Anti-Statue Activists Ignore Police Summons in Loikaw

By Lawi Weng 20 May 2019

Loikaw police are searching for six ethnic rights activists who failed to surrender to authorities on Monday to face legal action over their opposition to a controversial statue of General Aung San in the Kayah State capital, rights activists said.

The state government last week opened cases against Khu Chwe Pyel Kay, Khu Reedu, Pyar Lay, Khun Thomas, Myo Hlaing Win and Dee De, who led protests against the controversial, state government-backed statue of Gen. Aung San.

Dee De told The Irrawaddy on Monday that police called the six activists and ordered them to report to a police station for arrest.

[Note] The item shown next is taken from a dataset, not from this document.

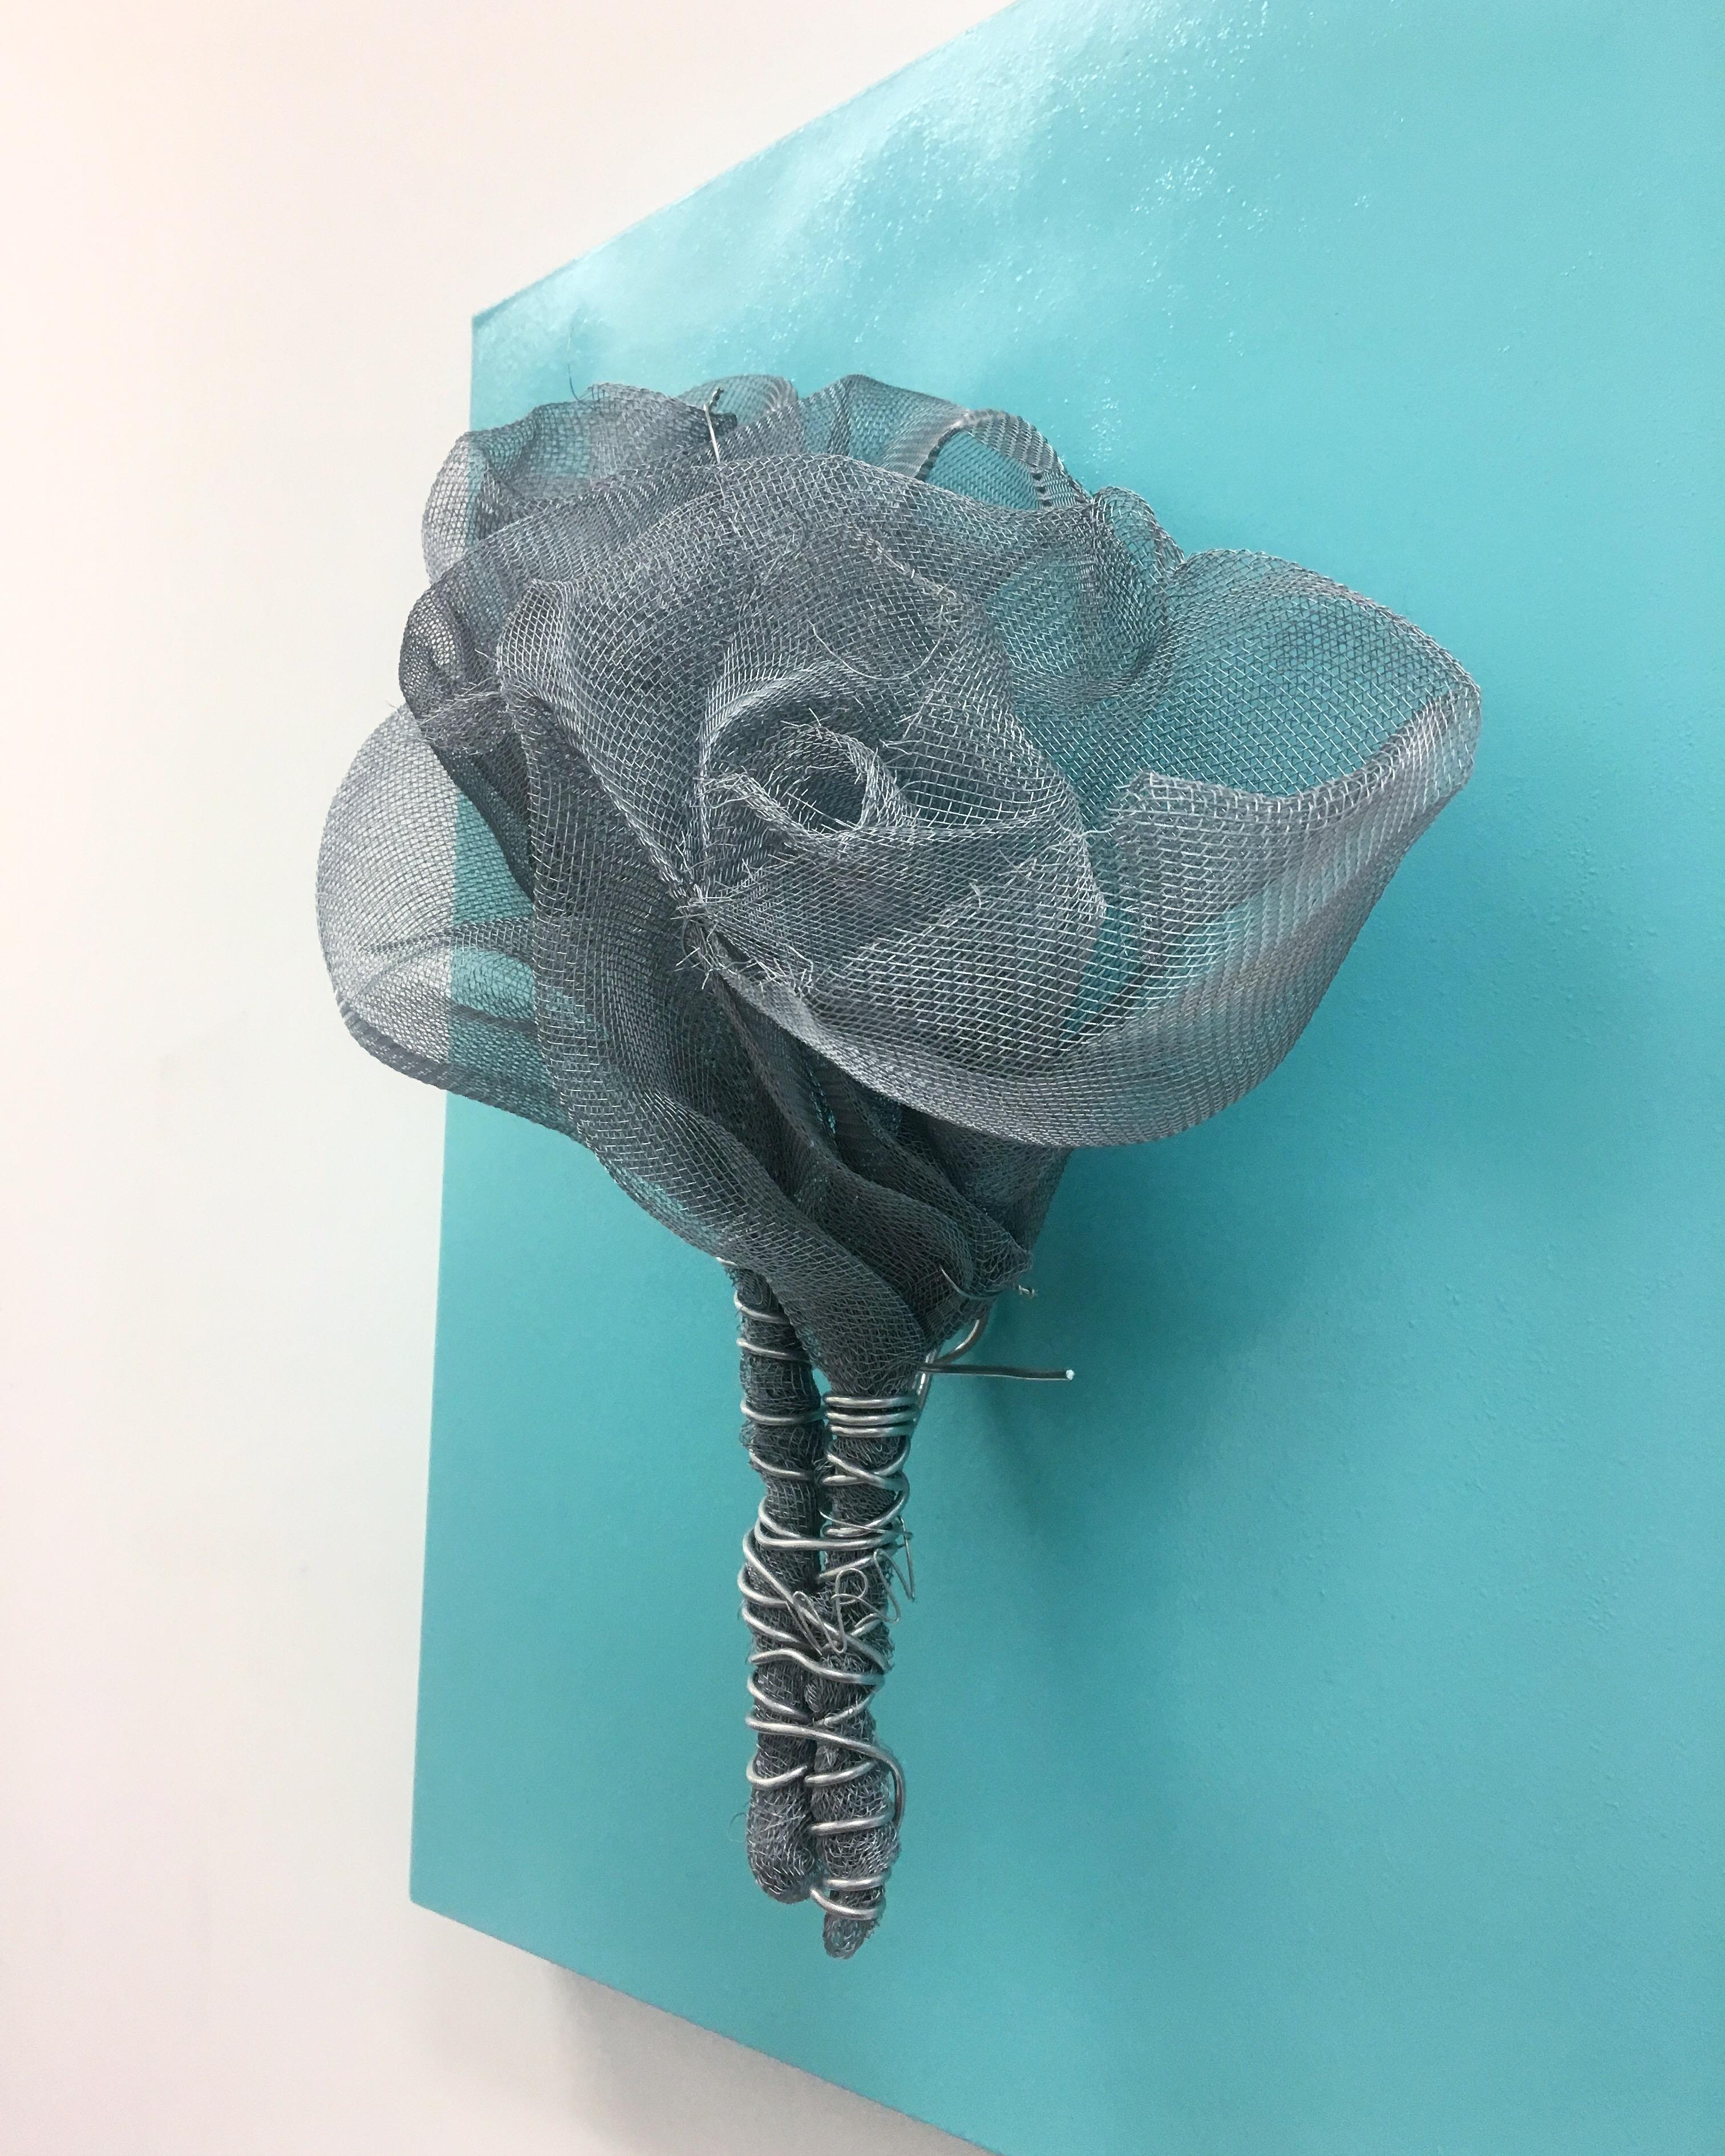 ROSES DELICIOUS sculpture by Melanie Newcombe 9

“The police just called us by phone [at 1 p.m.] and told us to come and [surrender ourselves] for arrest. We told them that we will come to face the charges soon, but we requested them not to threaten our families,” Dee De said. “They told us that if we [reported to] the police station, they’d agree not to make problems for our families.”

According to activists, police are now searching for the six right activists, some of whom have gone into hiding.

Dee De said the township authority told his family on Monday morning that police would come to arrest him soon, and that the Home Affairs Ministry’s Special Branch police also searched the home of Khu Chwe Pyel Kay.

The police were not available for comments on Monday.

The activists issued a statement on March 25 describing Kayah State Chief Minister L Phaung Sho and Deputy Planning and Finance Minister U Maw Maw as criminals who had betrayed the Karenni people. The activists also accused them of abusing their power.

The state government took no action at the time the statement was issued. Activists described the legal cases, which follow the collapse of negotiations between local activists and the state government on May 14, as “revenge” and as being aimed at trying to intimidate opponents of the statue into dropping their protests.

U Thet Naung, acting on behalf of the Kayah State government opened cases against the six on May 16 under a law meant to protect the privacy and security of citizens. U Thet Naung is deputy director of the Kayah State government.

“They are trying to pressure us now,” said Dee De, adding that more protests will come soon.

Khun Thomas, one of the six, echoed that sentiment. He said the protests would only intensify if the Kayah State government continues to arrest activists.

“Their action will only make things worse,” he said.